Reputation:
I want to shift the first row of a 2D square matrix to the last row. So if I have a matrix like A, I want to get B.
I can do this using two simple for loops. E.g.
void shift(int M, int N, int A[M][N]){
int i, j,temp;
for (i = 1; i < M; i++){
for (j = 0; j < N; j++){
temp=A[i][j];
A[i][j]=A[i-1][j];
A[i-1][j]=temp;
}
}
}
But I want to get as few cache misses as possible. Any tip on how to do that?
Upvotes: 3
Views: 422
Reputation: 363902
I just saw your comment about 4x4 matrices. A 4x4 array of int
fits in a single cache line (on modern x86 CPUs, where a cache line is 64B).
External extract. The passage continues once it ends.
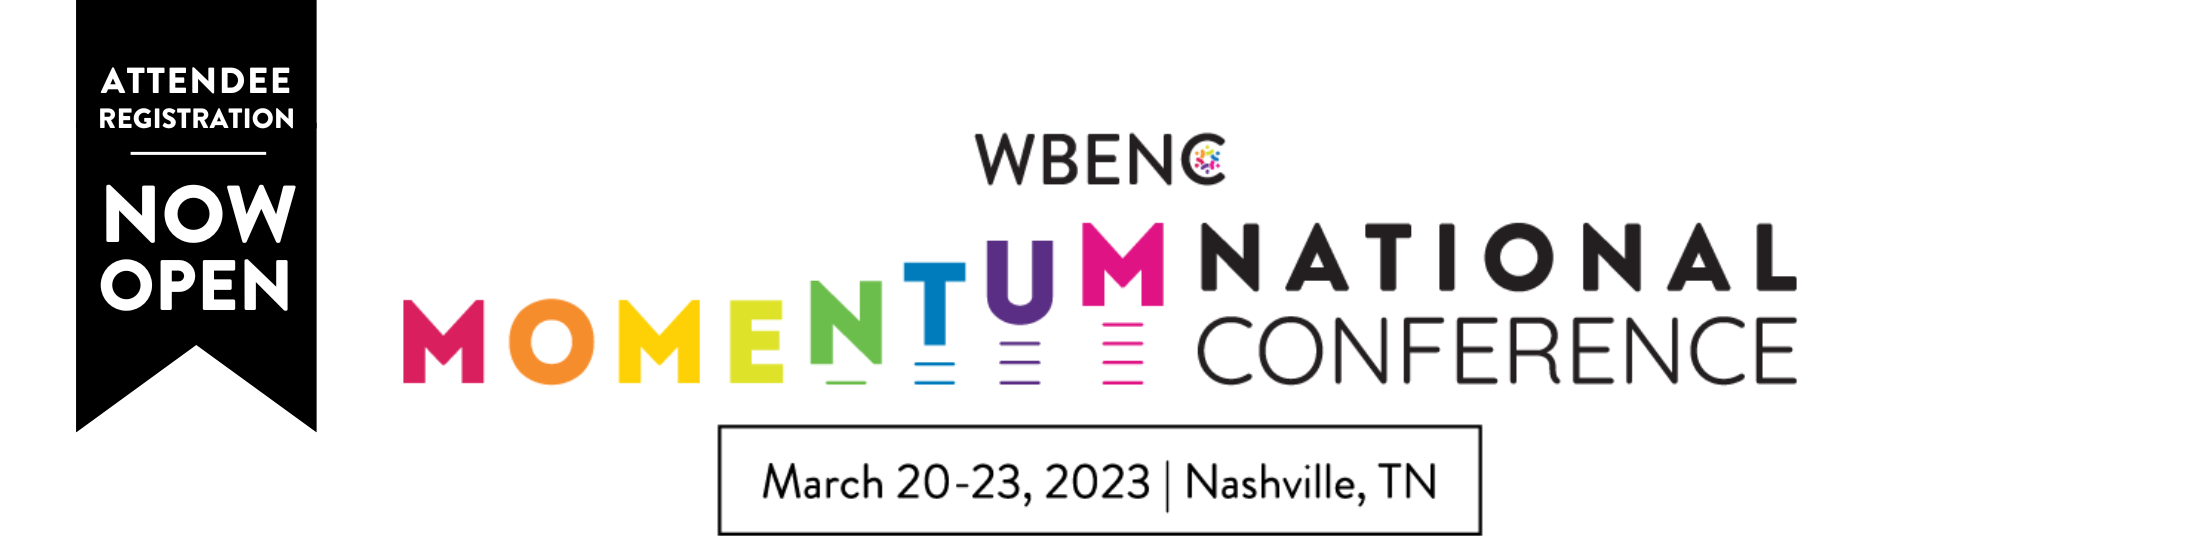 WBENC Momentum National Conference 2023 - Attendee registration now open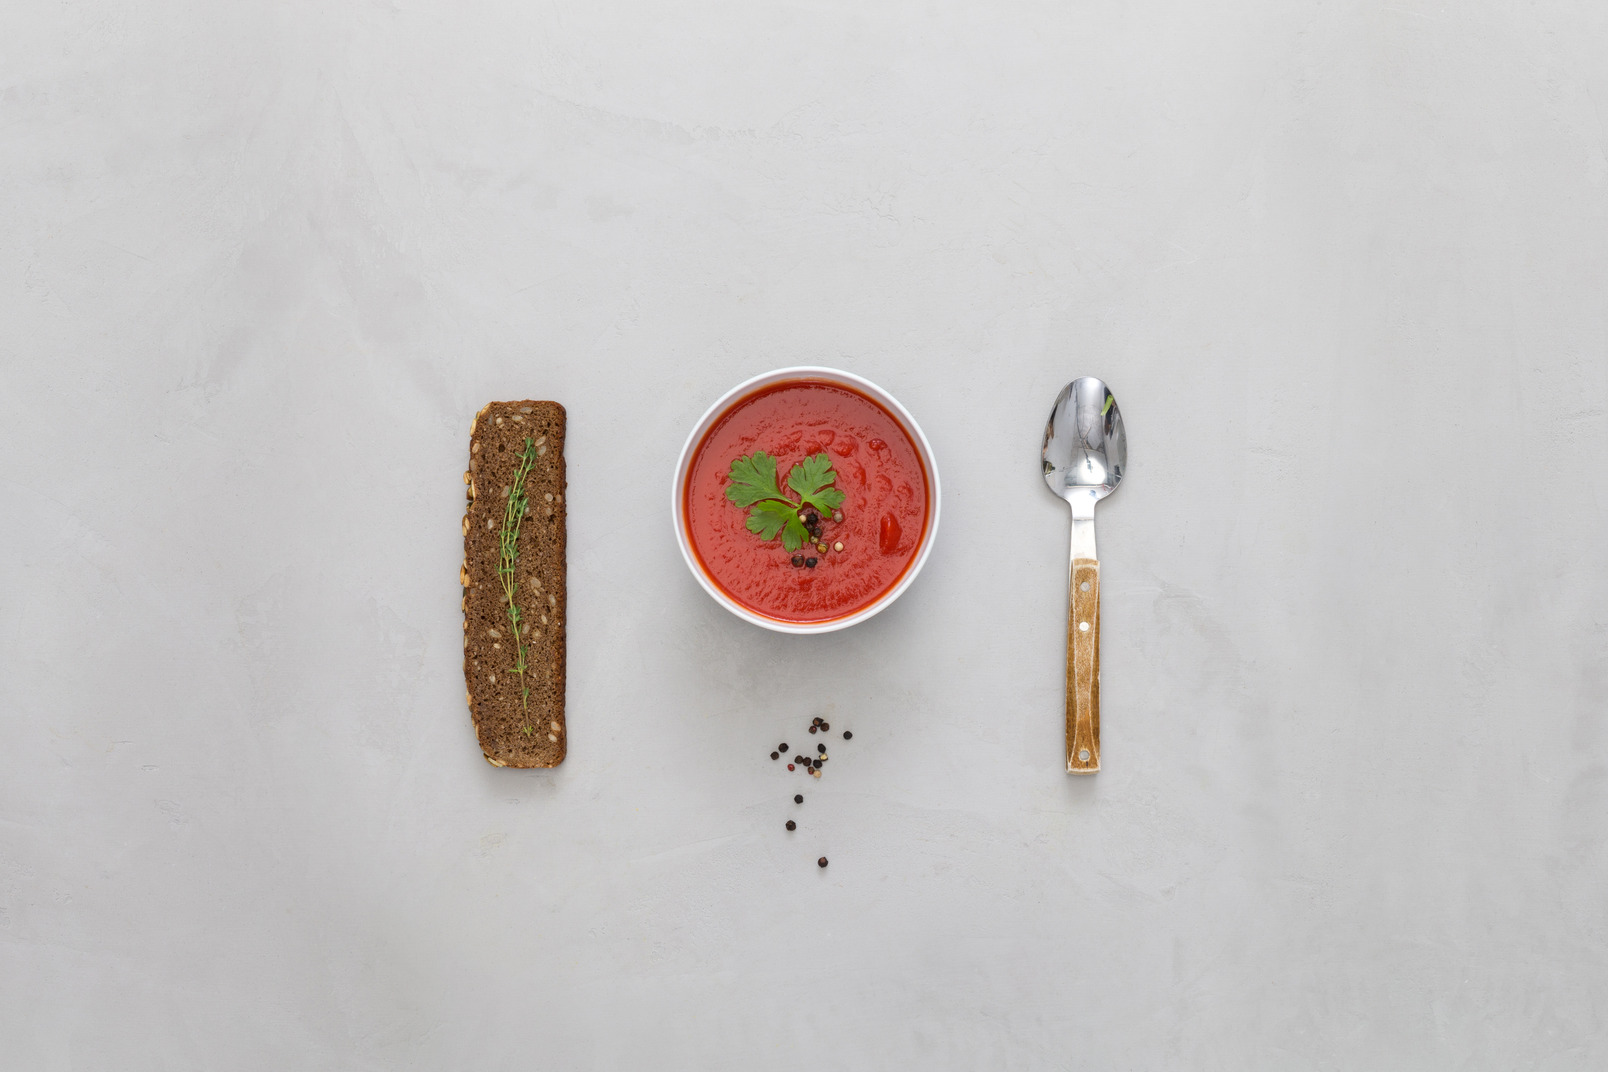 Bowl of tomato sauce, snack and spoon

In that case, you want the compiler to generate something like
## matrix address in [rdi]
movups xmm0, [rdi]
movups xmm1, [rdi+16]
movups xmm2, [rdi+32]
movups xmm3, [rdi+48]
movups [rdi], xmm1 ; doing all the stores after all the loads avoids any possible false dependency
movups [rdi+16], xmm2
movups [rdi+32], xmm3
movups [rdi+48], xmm0
Or maybe fewer AVX 256b loads/stores, but unaligned AVX might do worse. If the array is 64B-aligned, then none of the required loads/stores would cross cache line boundaries. So 2x vmovups ymm
loads, and one vmovups ymm
store, one vmovups xmm
store (to the end), and one vextractf128
store (to the start).
If you're lucky, John's memcpy will optimize away to something like this when the function inlines into a caller that has compile-time-constant values of 4
.
For tiny arrays, it's not cache-misses that's the issue, just how to get the whole copy to happen with as little overhead as possible. My ideas below about introducing a level of indirection are not a good idea, because it's really cheap to load all the data and store it back out.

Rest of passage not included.